Lars Wollin, Emeritus Professor of Scandinavian Languages/Swedish, late of Åbo Akademi University, Finland, previously at the universities of Lund, Gothenburg and Uppsala. Resident in Uppsala.
My principal fields of interest are translation studies and the history of language, in both cases applied to Scandinavian and Swedish themes, includimg the interplay of structure and function of written language in different historical periods and literary genres. A key focus has always been the role played by Latin in most stages of the historical development of Swedish. My doctoral dissertation in 1981 dealt with translation from Latin at the late medieval abbey of Vadstena and was based on a model of my own making, designed for the grammatical analysis of the translation process.
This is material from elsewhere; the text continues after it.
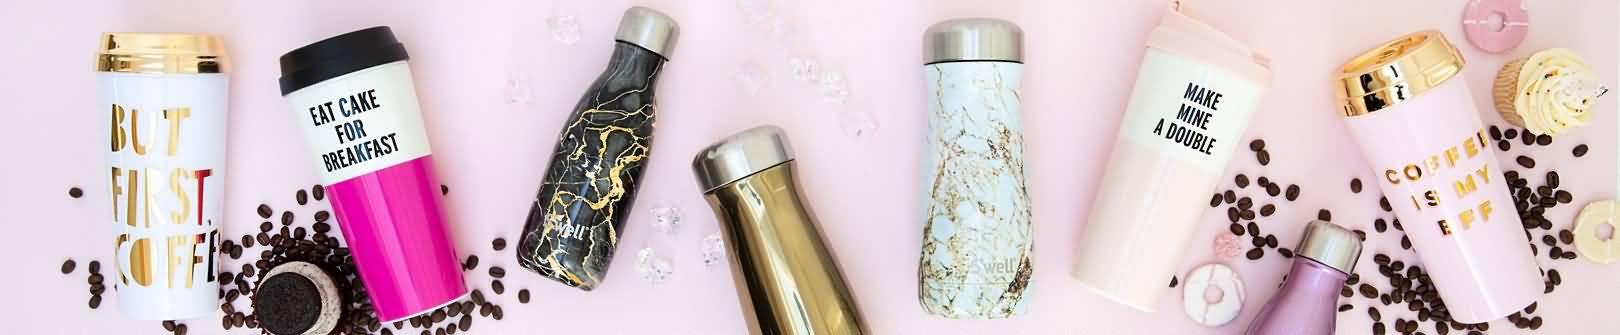 Flasks & Travel Mugs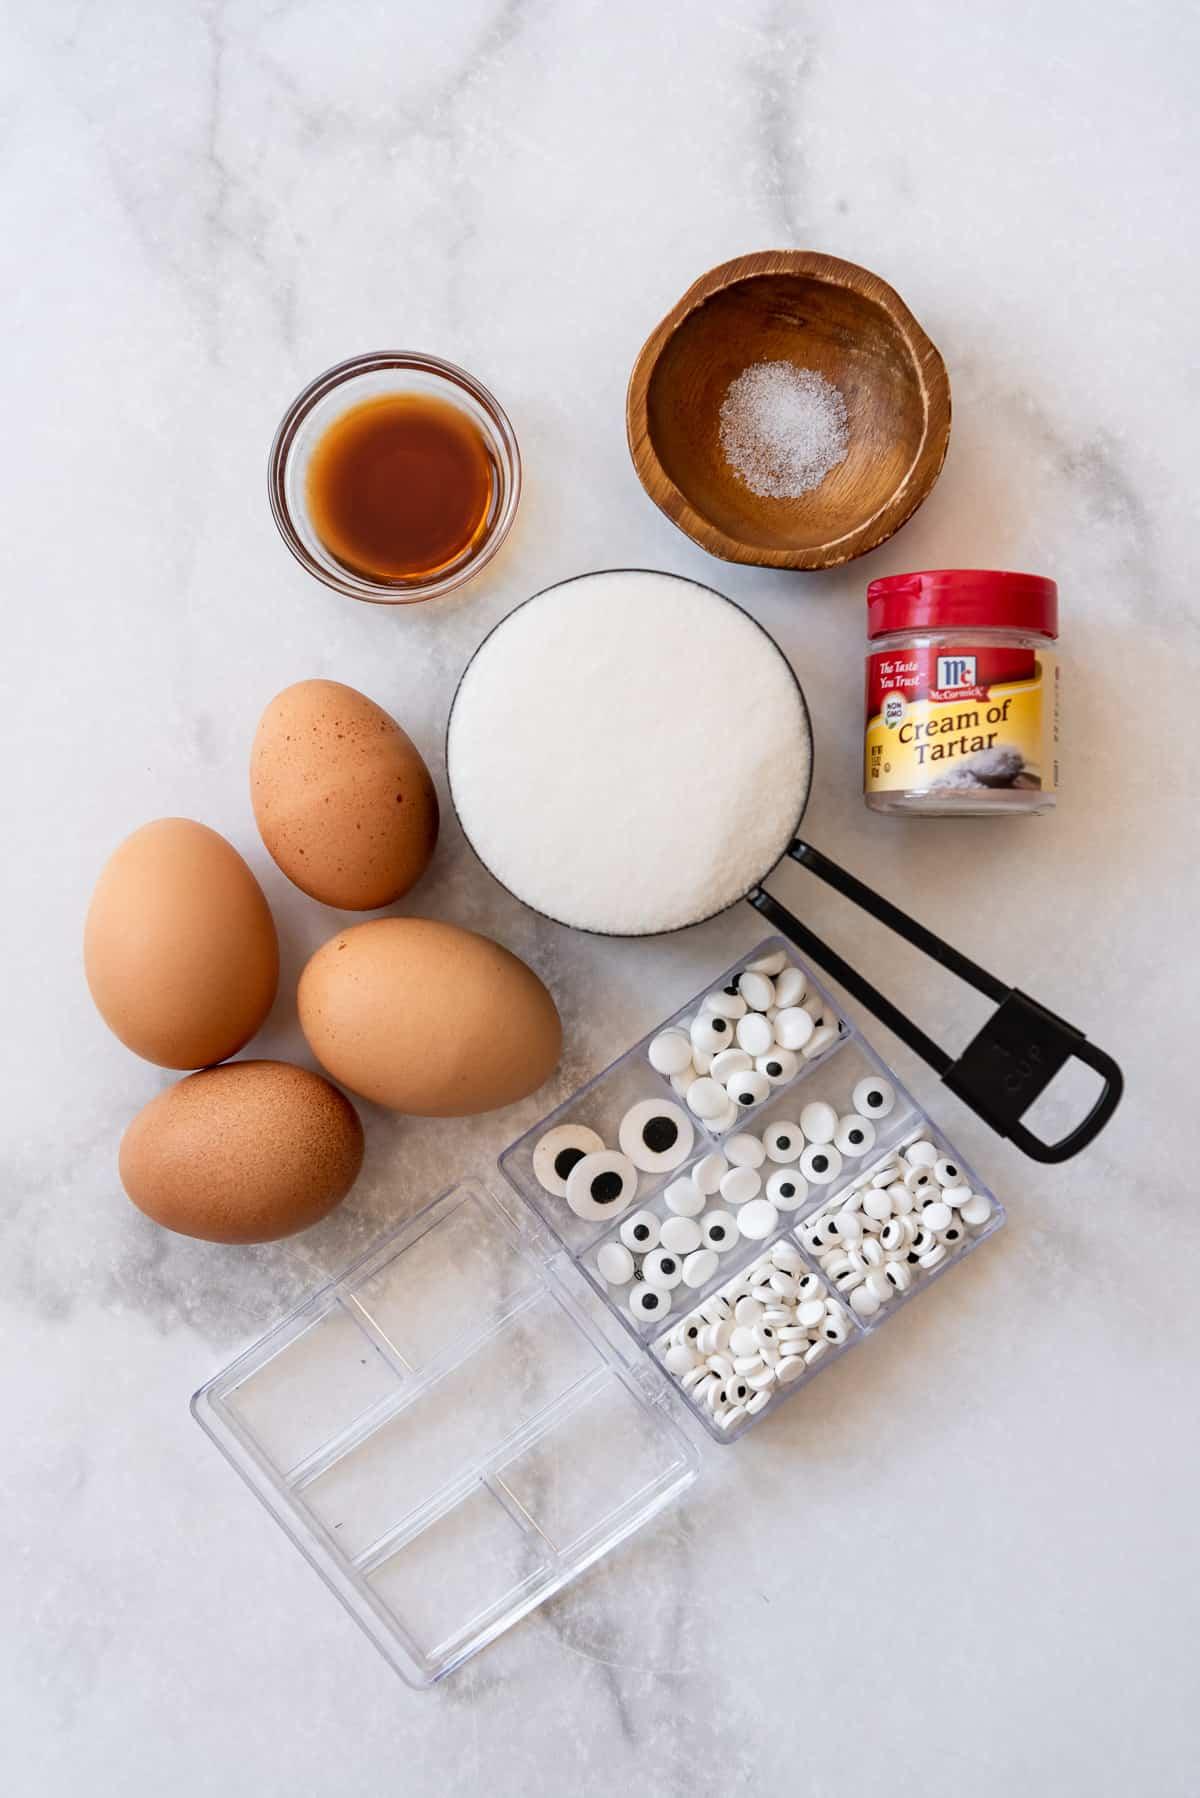 Ingredients for making meringue cookies for Halloween.

Since then, I have chiefly undertaken research in four, partly overlapping, areas:
- The role of translation in the history of the Scandinavian languages (mainly Swedish): in the epic poetry of medieval chivalry and in Bridgettine mysticism and monastic edification; in ancient and Icelandic patriotic narration during the Caroline epoch (the late 17th and early 18th centuries); and in 19th- and 20th-century novels – from classics and Nobel Prize winners to mass-produced popular literature.
- Scandinavian and Swedish medieval philology: the linguistic character and mutual relations of Old Swedish (in some cases Old Norse and Latin) textual sources.
- The history of Swedish philology and linguistics: the first grammars of Swedish and the first descriptions of dialects in the 17th and 18th centuries; the early development of Scandinavian philology as an academic discipline in Sweden.
- The Danish and Swedish Reformers’ translation of the Holy Bible into the contemporary vernaculars, carried out in the second quarter of the 16th century.
The fourth area has dominated my research-work since 2015. The monograph The humanist Bible Project. Translating the Scriptures in the Scandinavian Reformation appeared in 2024 (in Swedish, with an English Summary).